--- Task brief ---
For the entries below, repeat exactly each line starting with the one that contains "RAL 260 50 30" and going on through the one that contains "Car Mat Rug, Art", and no others.

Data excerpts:

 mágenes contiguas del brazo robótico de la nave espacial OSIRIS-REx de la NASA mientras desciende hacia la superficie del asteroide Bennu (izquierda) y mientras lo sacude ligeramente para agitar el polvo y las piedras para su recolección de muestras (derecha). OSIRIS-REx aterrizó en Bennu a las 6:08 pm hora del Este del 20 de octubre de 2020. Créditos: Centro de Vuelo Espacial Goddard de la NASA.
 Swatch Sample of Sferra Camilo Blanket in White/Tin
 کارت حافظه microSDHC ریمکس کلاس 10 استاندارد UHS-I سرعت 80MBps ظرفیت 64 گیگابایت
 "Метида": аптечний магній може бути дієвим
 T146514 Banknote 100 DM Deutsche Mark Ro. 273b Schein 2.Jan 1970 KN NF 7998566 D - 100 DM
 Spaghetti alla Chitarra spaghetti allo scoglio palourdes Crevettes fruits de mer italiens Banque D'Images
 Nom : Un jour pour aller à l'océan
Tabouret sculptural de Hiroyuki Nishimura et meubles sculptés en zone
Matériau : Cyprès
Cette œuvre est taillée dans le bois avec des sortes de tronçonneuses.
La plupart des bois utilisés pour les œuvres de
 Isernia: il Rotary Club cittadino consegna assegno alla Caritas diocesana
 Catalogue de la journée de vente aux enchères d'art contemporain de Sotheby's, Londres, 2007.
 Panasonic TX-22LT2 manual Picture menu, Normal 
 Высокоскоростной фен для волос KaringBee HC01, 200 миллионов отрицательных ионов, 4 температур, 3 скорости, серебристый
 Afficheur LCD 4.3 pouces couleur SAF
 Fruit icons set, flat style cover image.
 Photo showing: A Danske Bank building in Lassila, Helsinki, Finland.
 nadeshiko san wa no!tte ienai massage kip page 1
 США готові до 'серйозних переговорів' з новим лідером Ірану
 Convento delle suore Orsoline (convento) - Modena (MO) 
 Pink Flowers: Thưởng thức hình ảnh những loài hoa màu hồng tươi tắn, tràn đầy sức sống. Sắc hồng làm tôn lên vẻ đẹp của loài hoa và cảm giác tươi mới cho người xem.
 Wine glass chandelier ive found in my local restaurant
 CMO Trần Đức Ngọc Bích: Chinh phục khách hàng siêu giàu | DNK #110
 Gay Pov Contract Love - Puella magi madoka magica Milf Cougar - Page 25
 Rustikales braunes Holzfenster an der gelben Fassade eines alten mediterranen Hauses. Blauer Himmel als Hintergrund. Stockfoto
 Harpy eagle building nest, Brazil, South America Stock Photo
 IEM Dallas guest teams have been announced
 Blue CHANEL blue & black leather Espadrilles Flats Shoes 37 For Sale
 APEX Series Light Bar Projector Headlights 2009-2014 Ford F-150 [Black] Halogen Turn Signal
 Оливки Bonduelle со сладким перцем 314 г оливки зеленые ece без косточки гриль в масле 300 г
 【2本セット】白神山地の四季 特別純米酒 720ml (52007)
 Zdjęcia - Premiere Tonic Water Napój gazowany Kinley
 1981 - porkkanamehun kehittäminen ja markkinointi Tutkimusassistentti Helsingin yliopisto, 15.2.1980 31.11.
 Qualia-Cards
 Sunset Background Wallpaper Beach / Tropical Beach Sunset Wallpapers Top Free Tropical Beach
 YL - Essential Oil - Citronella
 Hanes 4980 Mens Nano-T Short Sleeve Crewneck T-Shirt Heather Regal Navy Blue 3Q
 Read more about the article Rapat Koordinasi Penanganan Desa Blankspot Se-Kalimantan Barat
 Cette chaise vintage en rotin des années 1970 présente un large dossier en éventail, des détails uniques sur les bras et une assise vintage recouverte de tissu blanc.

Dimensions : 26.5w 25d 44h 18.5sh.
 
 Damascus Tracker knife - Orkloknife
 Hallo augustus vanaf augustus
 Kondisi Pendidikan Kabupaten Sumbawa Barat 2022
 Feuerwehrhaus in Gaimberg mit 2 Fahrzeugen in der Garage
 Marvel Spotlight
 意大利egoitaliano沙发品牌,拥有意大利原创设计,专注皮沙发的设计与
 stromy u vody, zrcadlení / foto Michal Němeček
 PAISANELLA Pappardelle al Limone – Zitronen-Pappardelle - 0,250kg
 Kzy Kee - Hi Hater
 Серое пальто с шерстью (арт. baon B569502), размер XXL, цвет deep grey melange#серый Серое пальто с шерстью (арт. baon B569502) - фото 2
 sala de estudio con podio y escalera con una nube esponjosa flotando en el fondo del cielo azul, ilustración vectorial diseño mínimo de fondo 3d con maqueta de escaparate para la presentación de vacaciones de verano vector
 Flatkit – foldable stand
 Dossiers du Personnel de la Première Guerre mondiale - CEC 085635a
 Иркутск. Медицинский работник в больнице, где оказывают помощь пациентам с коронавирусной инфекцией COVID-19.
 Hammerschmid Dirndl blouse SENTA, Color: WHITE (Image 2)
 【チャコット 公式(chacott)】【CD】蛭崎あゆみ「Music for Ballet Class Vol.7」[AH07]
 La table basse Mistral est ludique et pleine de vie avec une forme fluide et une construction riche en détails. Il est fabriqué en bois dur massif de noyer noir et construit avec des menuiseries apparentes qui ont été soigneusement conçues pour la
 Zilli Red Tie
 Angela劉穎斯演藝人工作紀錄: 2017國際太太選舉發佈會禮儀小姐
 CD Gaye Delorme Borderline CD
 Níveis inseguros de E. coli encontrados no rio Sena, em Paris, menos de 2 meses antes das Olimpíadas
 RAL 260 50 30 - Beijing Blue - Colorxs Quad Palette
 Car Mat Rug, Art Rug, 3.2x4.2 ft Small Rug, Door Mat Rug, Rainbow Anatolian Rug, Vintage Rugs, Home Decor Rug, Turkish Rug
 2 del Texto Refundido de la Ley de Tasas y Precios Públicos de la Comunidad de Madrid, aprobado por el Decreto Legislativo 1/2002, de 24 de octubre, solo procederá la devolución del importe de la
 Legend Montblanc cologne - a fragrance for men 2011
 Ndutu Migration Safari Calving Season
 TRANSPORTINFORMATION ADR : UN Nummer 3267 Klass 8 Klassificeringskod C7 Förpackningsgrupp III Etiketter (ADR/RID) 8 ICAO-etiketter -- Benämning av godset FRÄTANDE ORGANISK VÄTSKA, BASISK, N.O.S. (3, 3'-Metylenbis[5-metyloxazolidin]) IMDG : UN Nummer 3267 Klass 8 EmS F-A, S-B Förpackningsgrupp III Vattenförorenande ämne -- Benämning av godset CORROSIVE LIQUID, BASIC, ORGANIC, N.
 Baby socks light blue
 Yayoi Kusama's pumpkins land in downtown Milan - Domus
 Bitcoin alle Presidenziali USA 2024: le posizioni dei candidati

--- Answer area ---
 RAL 260 50 30 - Beijing Blue - Colorxs Quad Palette
 Car Mat Rug, Art Rug, 3.2x4.2 ft Small Rug, Door Mat Rug, Rainbow Anatolian Rug, Vintage Rugs, Home Decor Rug, Turkish Rug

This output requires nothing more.